** Opening RECORDED DATA block **

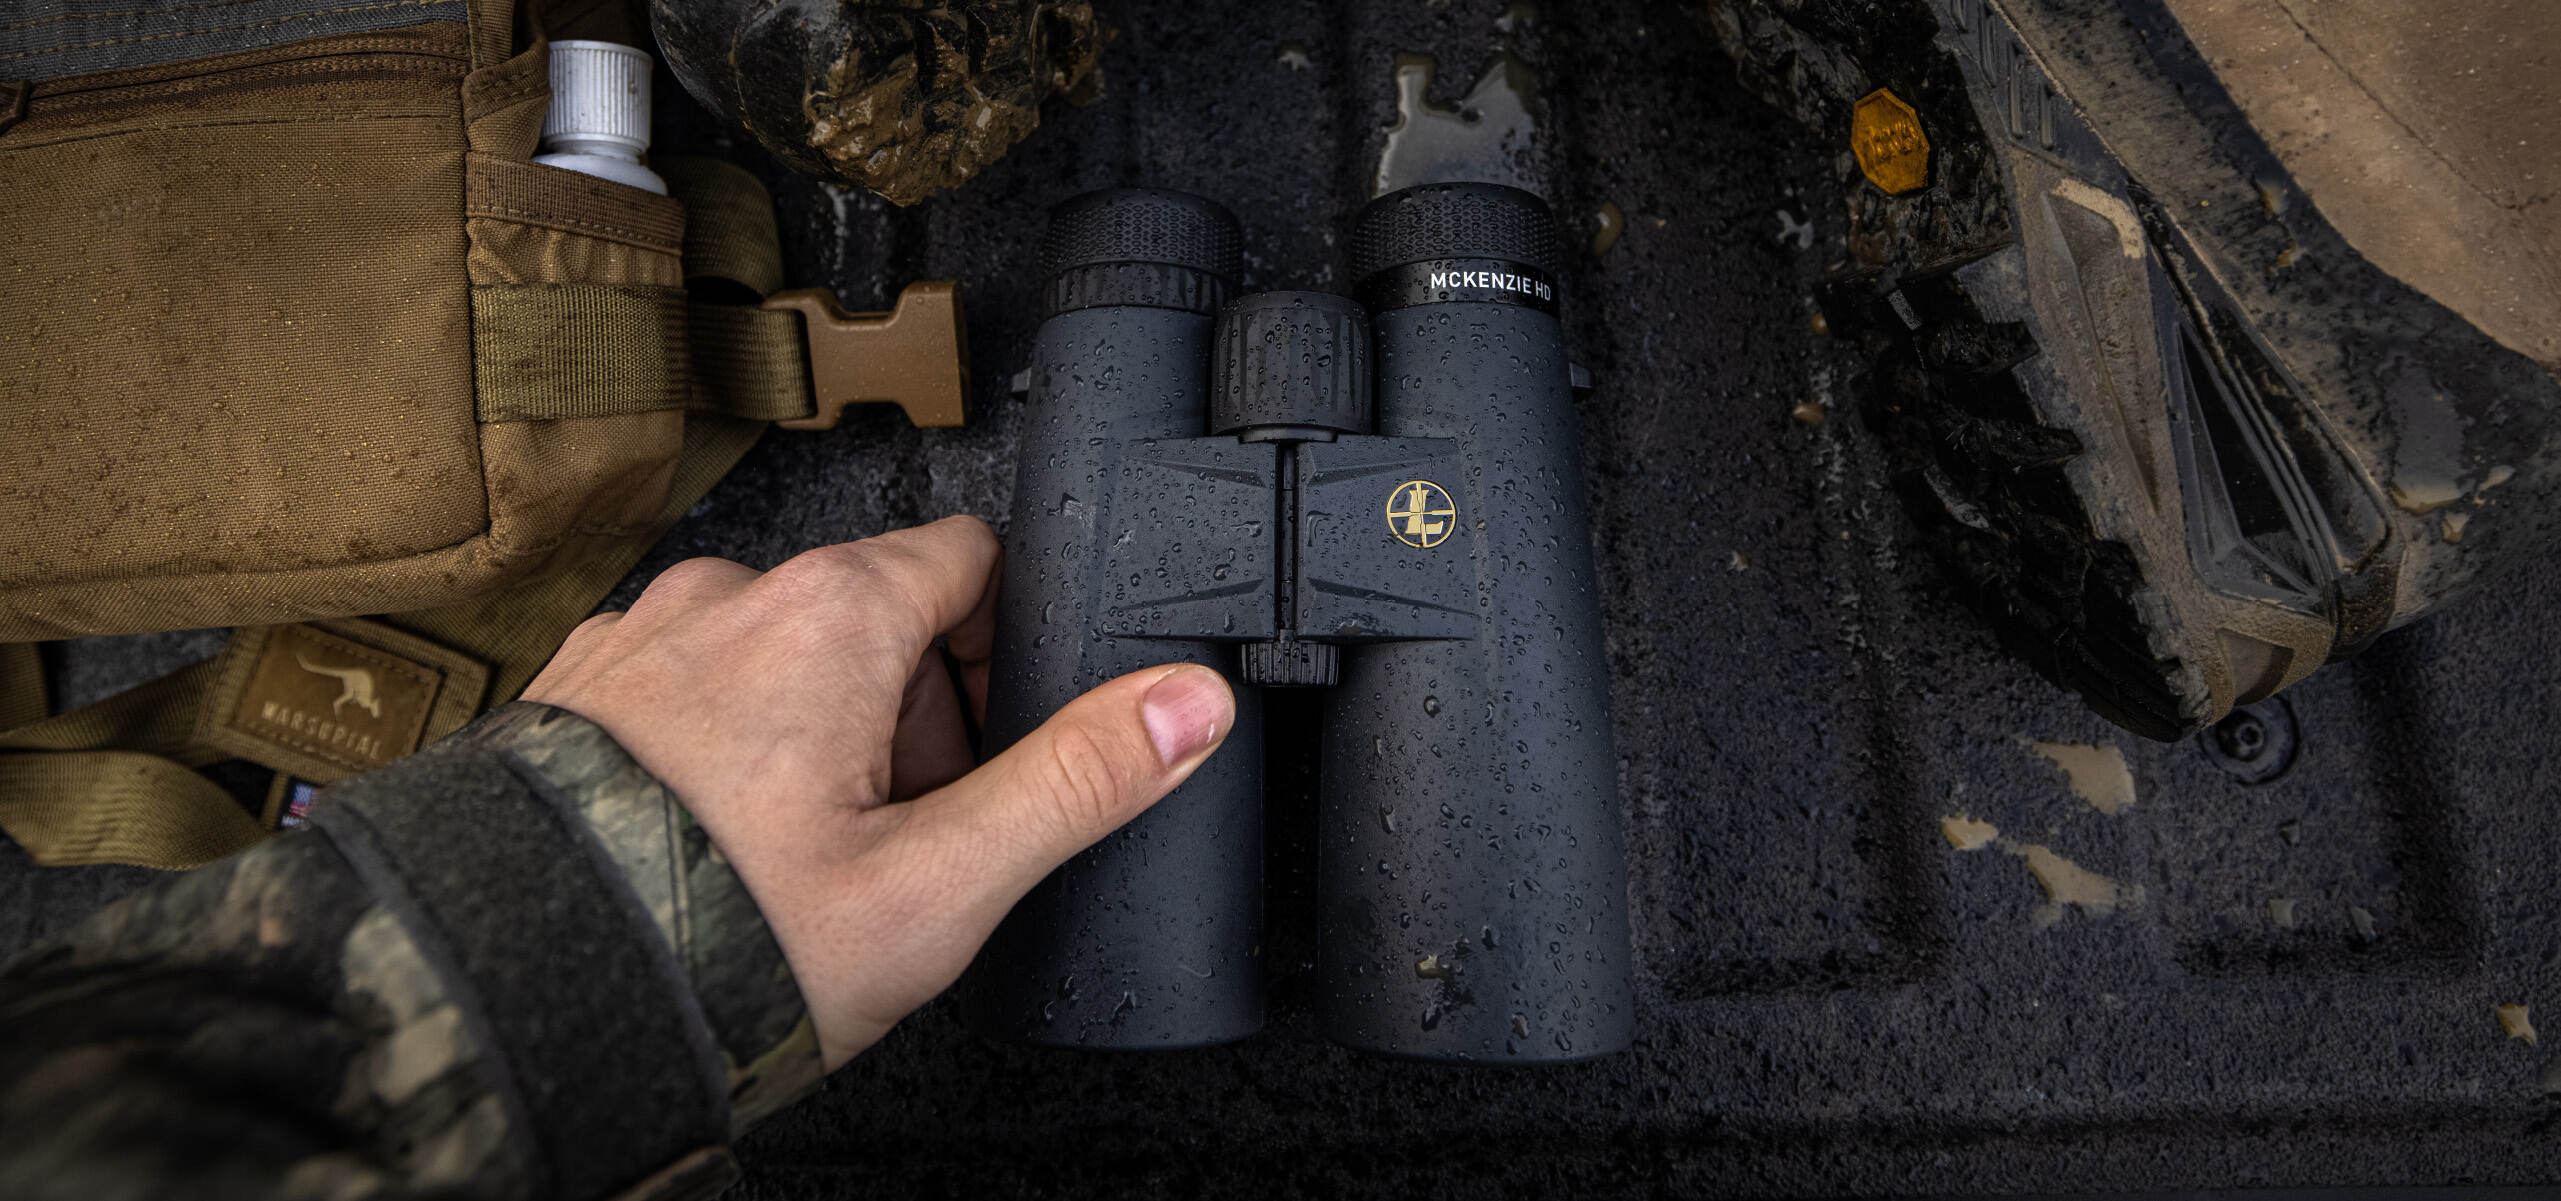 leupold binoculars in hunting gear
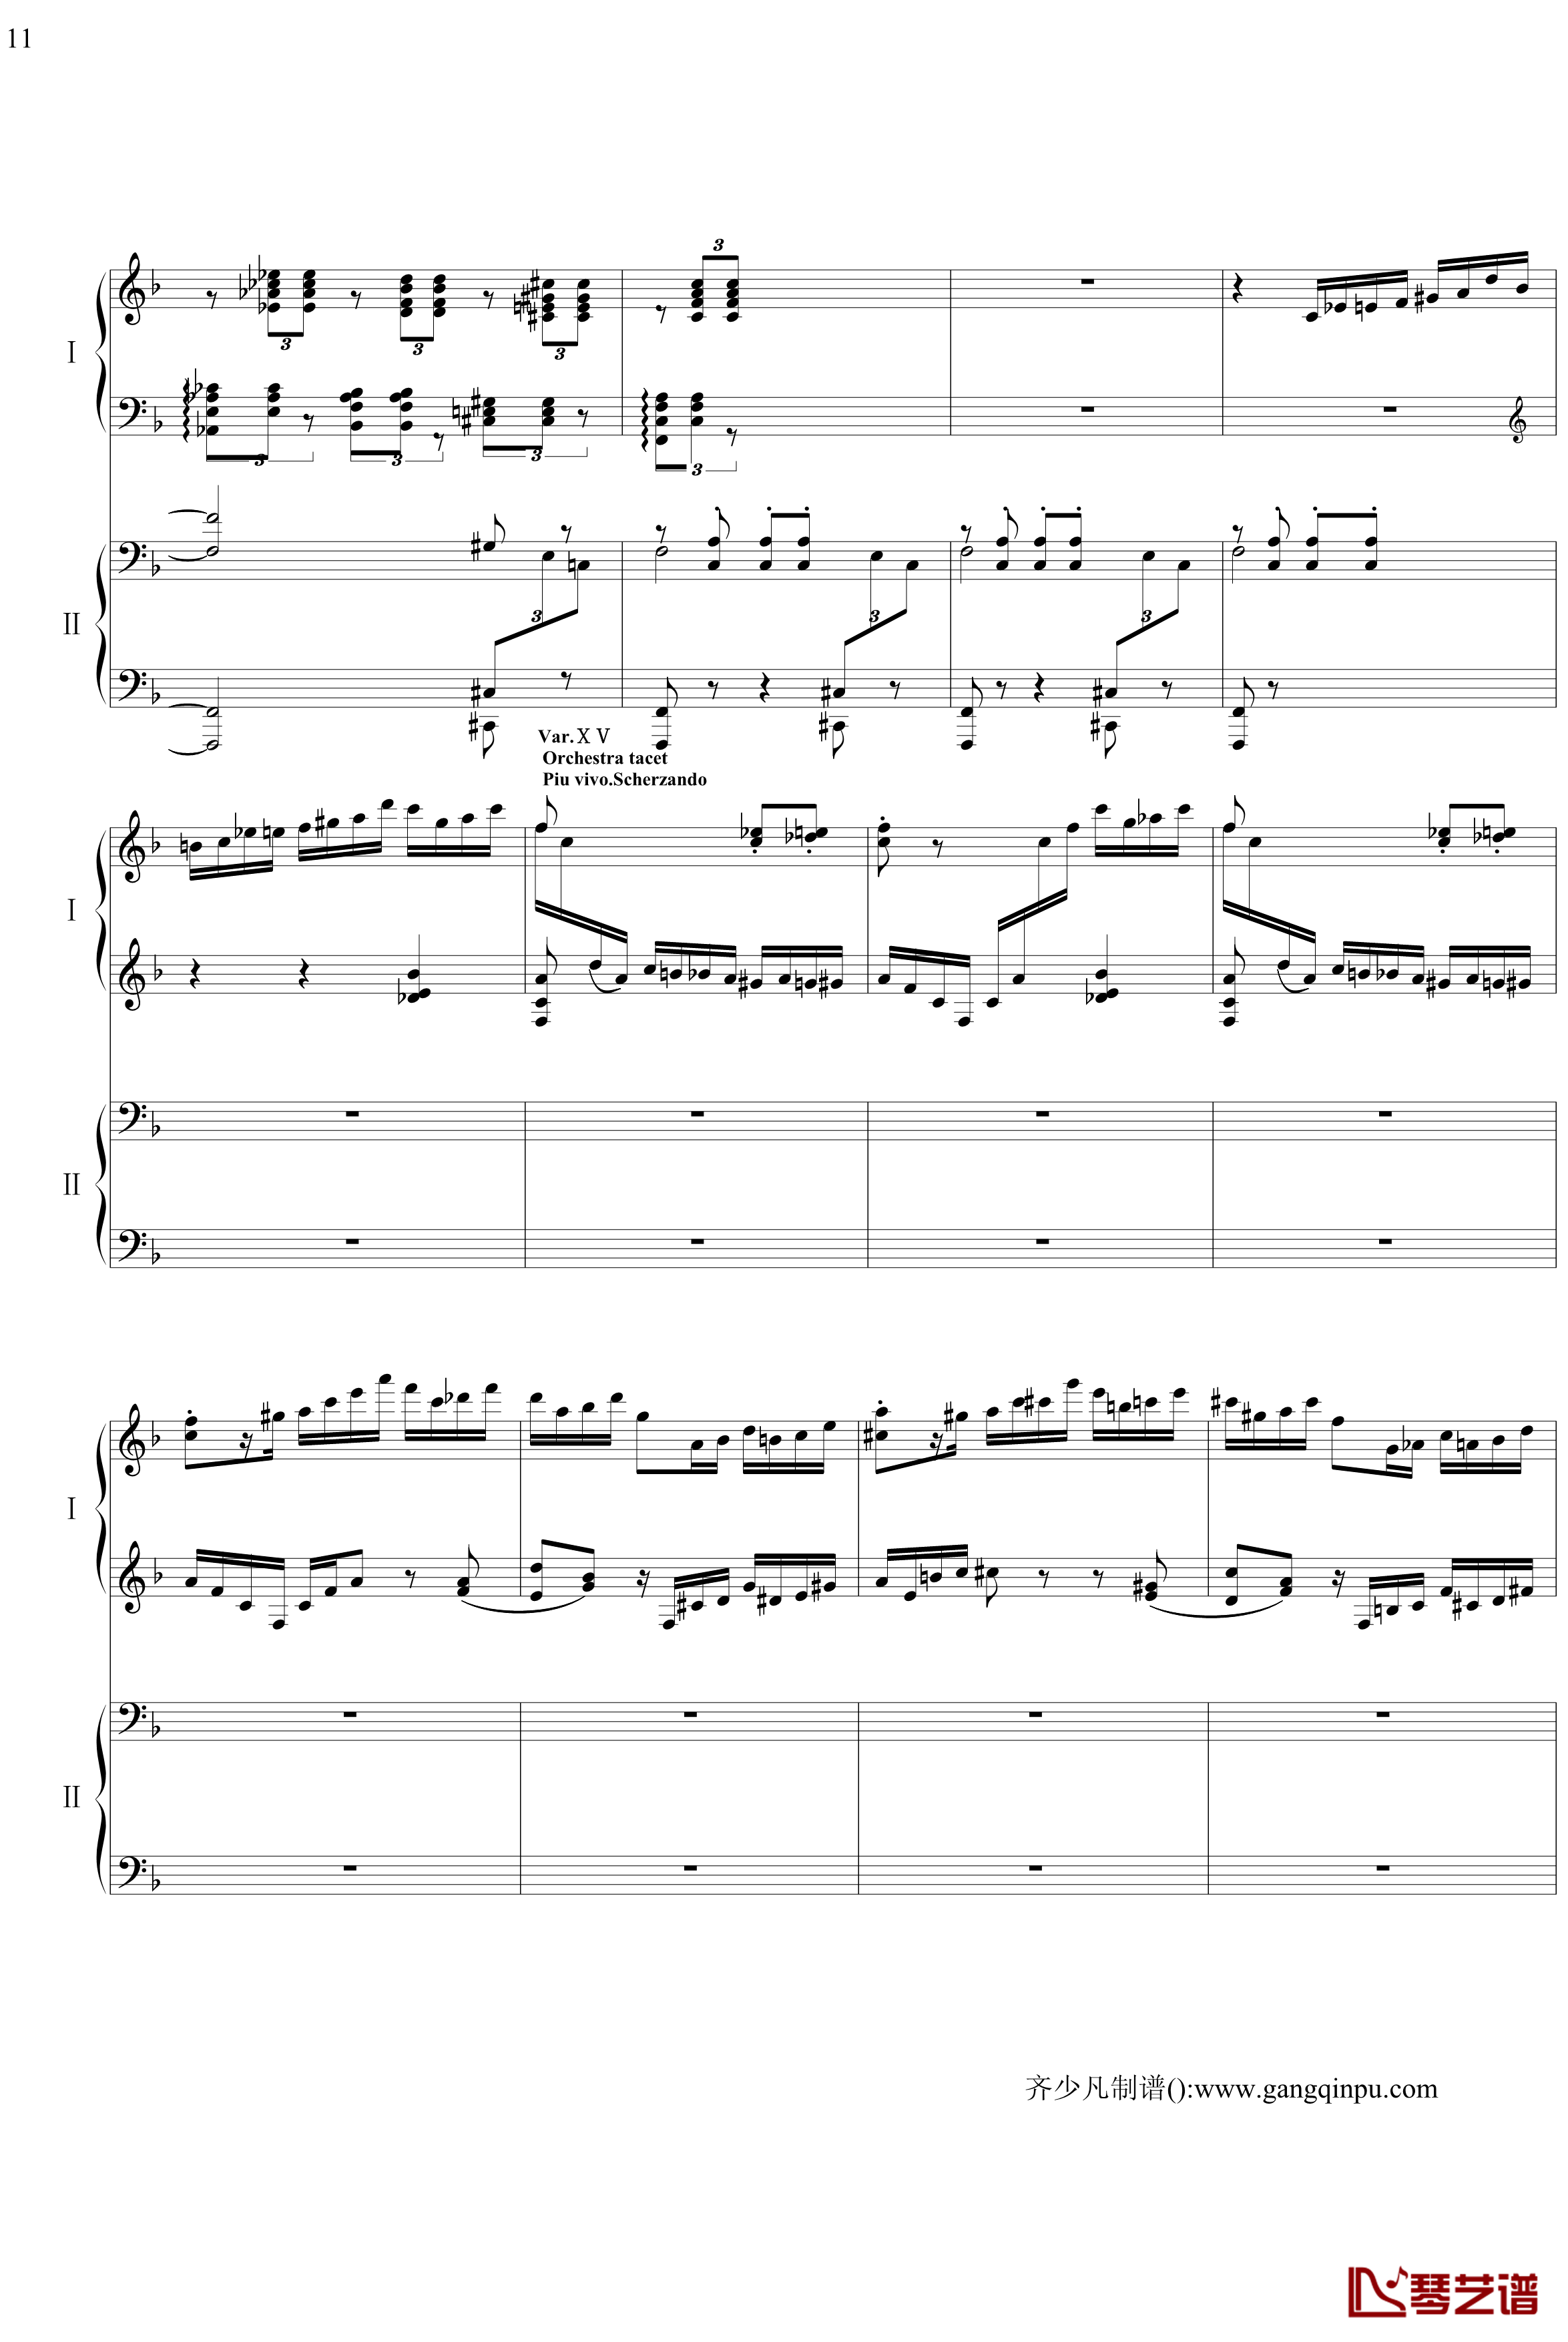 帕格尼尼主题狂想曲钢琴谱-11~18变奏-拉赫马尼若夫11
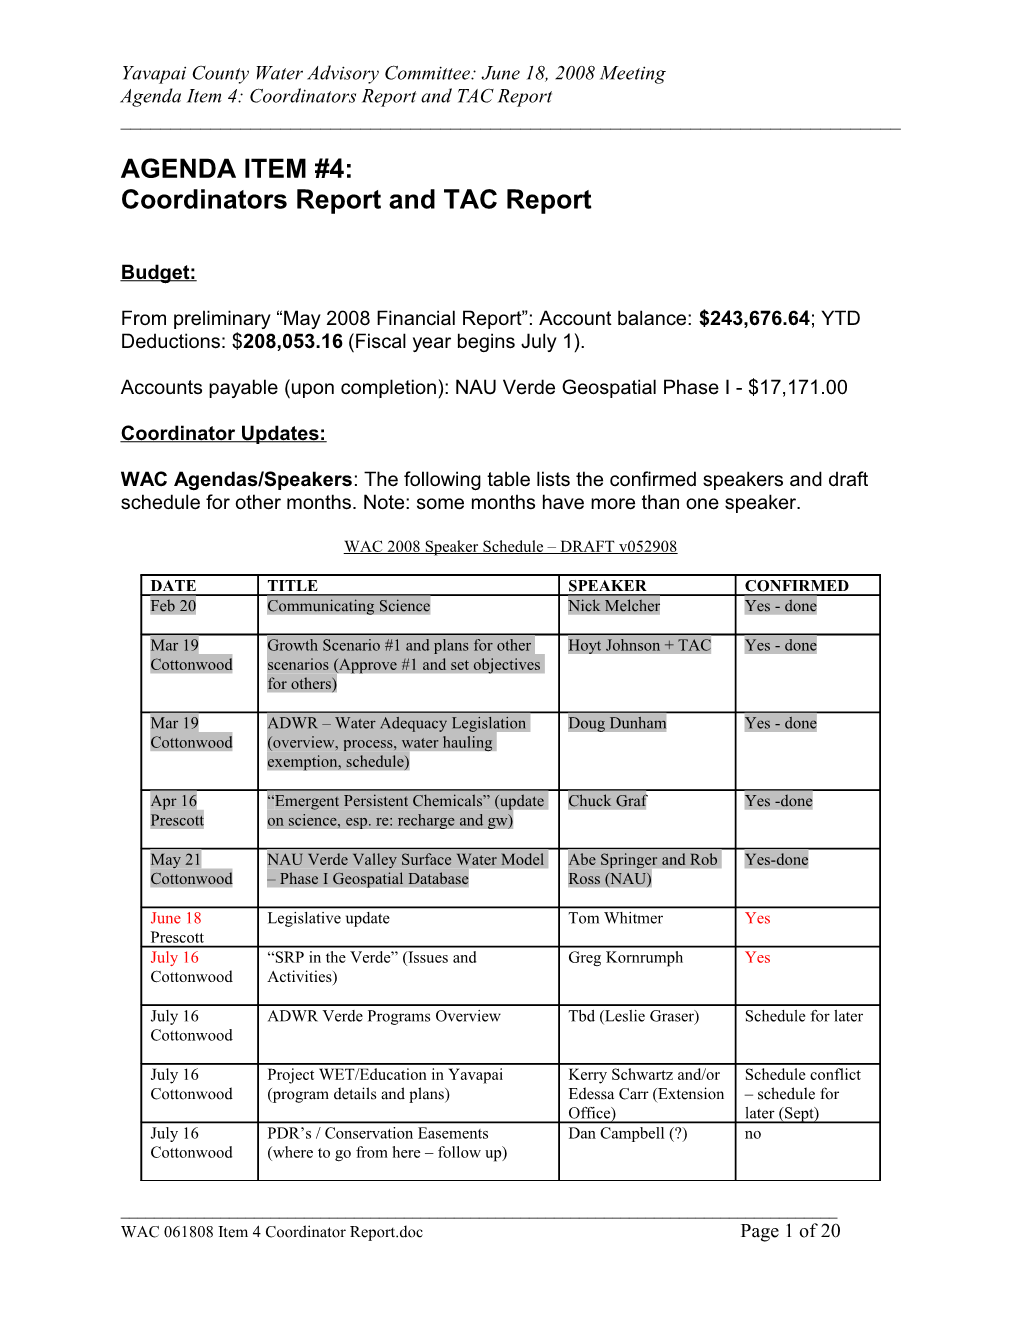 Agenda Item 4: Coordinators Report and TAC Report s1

** Closing RECORDED DATA block **

__EXERCISE PROMPT__:
Every line of the data above should be quoted exactly. Omit the pictures.

__TASK ANSWER__:
 leupold binoculars in hunting gear
 帕格尼尼主题狂想曲钢琴谱-11~18变奏-拉赫马尼若夫11
 Agenda Item 4: Coordinators Report and TAC Report s1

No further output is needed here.